At a risk of being dull, I thought that it had been scientifically determined why toast generally landed butter side down.
First, of all it doesn't. It has nothing to do with being buttered. It just is that the buttered side is generally also the side which is initially 'up'. This gives you your initial spin state. As it falls from the table to the floor it generally rotates an uneven number of times - I can't remember if it is one and a half or a half spin, I have never dropped toast myself; only burnt it. Of course the butter-down incidents are more memorable than the butter-up-and-ate-it ones (although, I would throw it in the bin and start again, not that this has ever happened, although plenty of burnt toast has been thrown out unless I have salvaged it through 'scraping'), so an inherently, statistically less likely event is downplayed by perceptual bias and cultural dissemination makes it into a 'law'.
If the table was lower/higher this wouldn't happen so much.
Cats also don't always fall on their feet, but they make every effort to. So, strapping buttered toast to a cat's back, inverting the whole thing and dropping it from a suitable height will lead to the cat still following its natural instinct and landing on its feet with the 'butter-up' on its back. Provided, of course, that the manner in which the toast has been strapped on does not constrict the cat's ability to twist its spine, as without this it will most likely land on it side, yowl and run off (even so, the toast will not land butter side down).

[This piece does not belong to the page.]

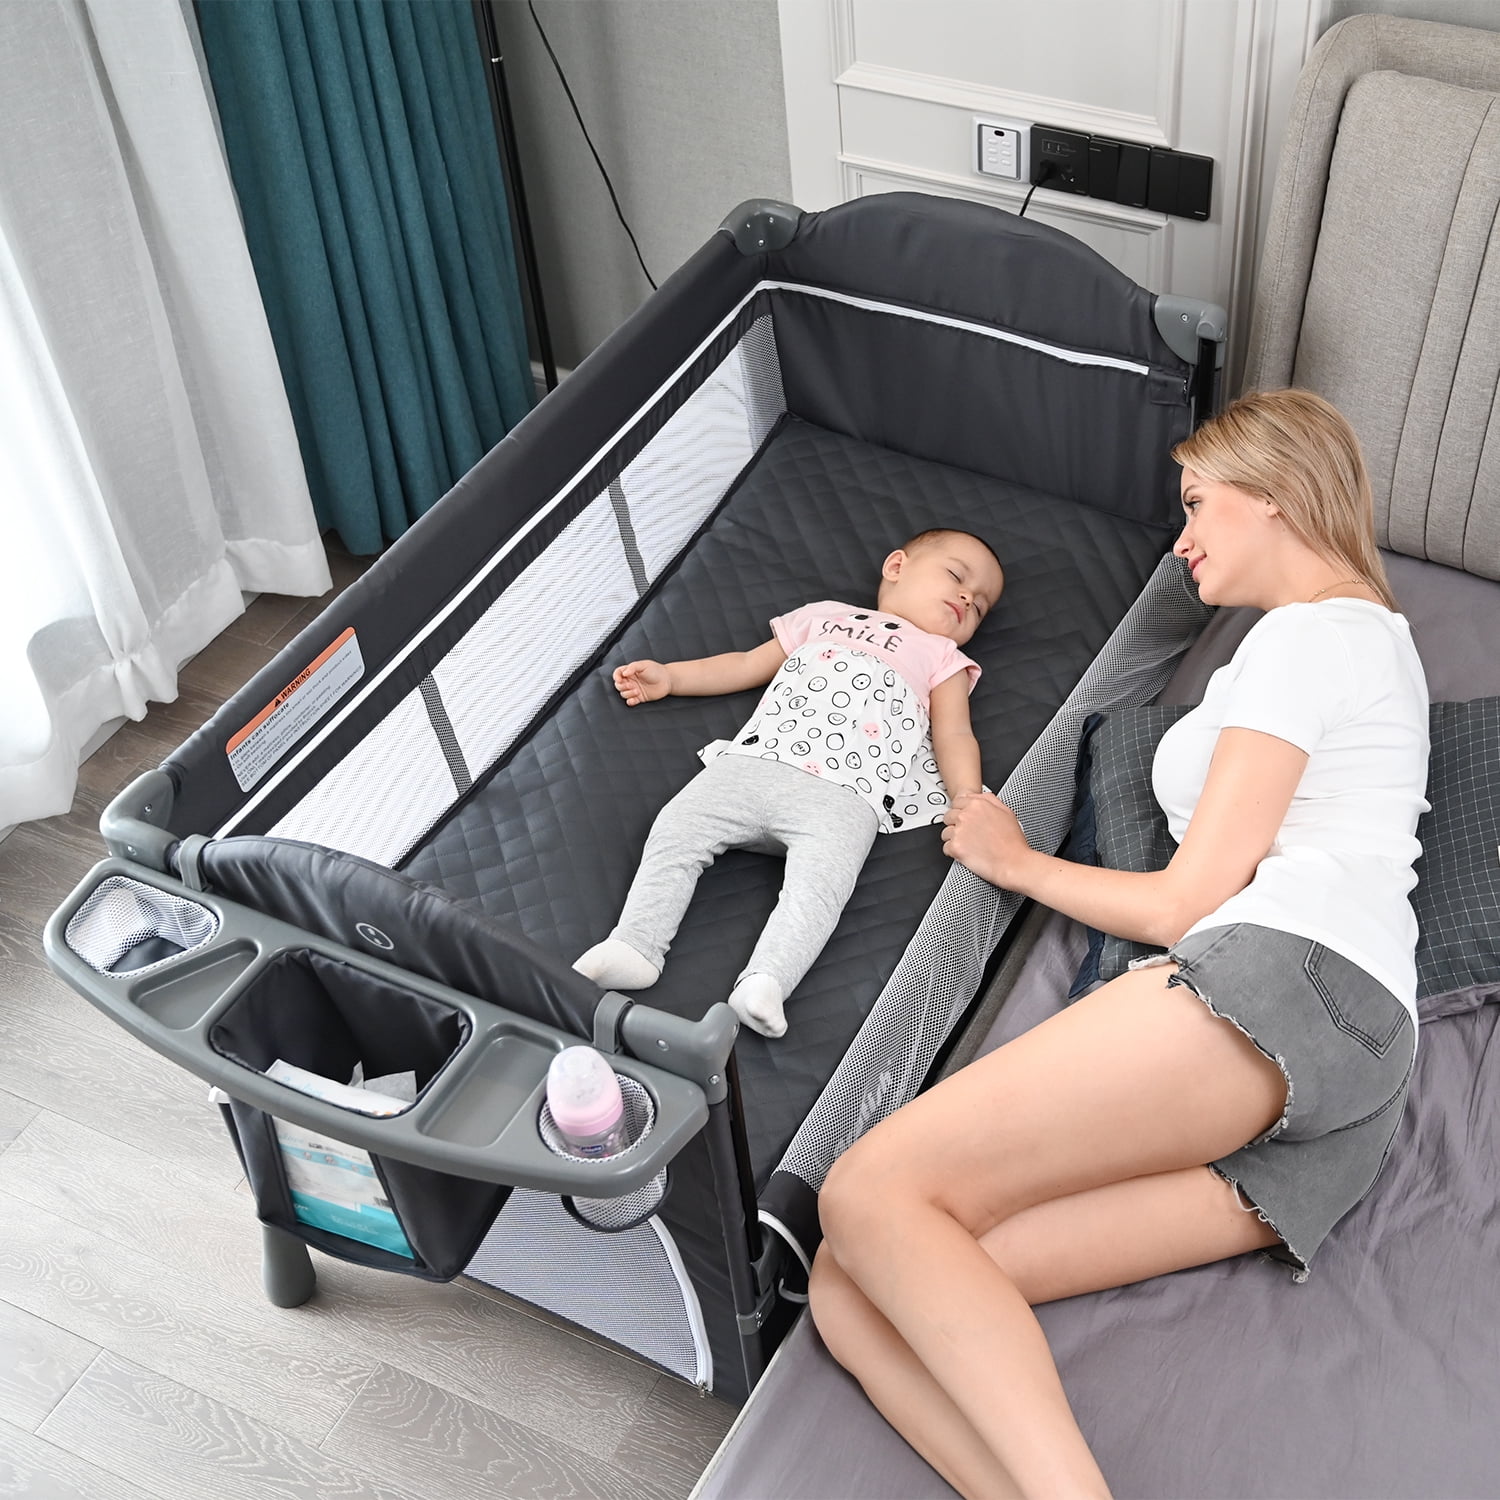 5 in 1 Baby Bassinet Bedside Sleeper Bedside Crib, Includes Mattress, Diaper Changer, Hanging Toys, Portable Travel Crib for Girl Boy Infant Newborn,Gray

Incidentally, eating this toast now that it has been in contact with the hair of the cat's back is much the same choice as whether you would eat toast that had landed on the kitchen floor (on which the same cat had sat). I suppose there may be a greater risk of the warm toast attracting fleas into it, if the cat had these, but then all of these extreme possibilities are a tad moot as most people will learn from their mistakes and be less clumsy in future, which is obviously of greater benefit to all aspects of kitchen hygiene, safety and frugality.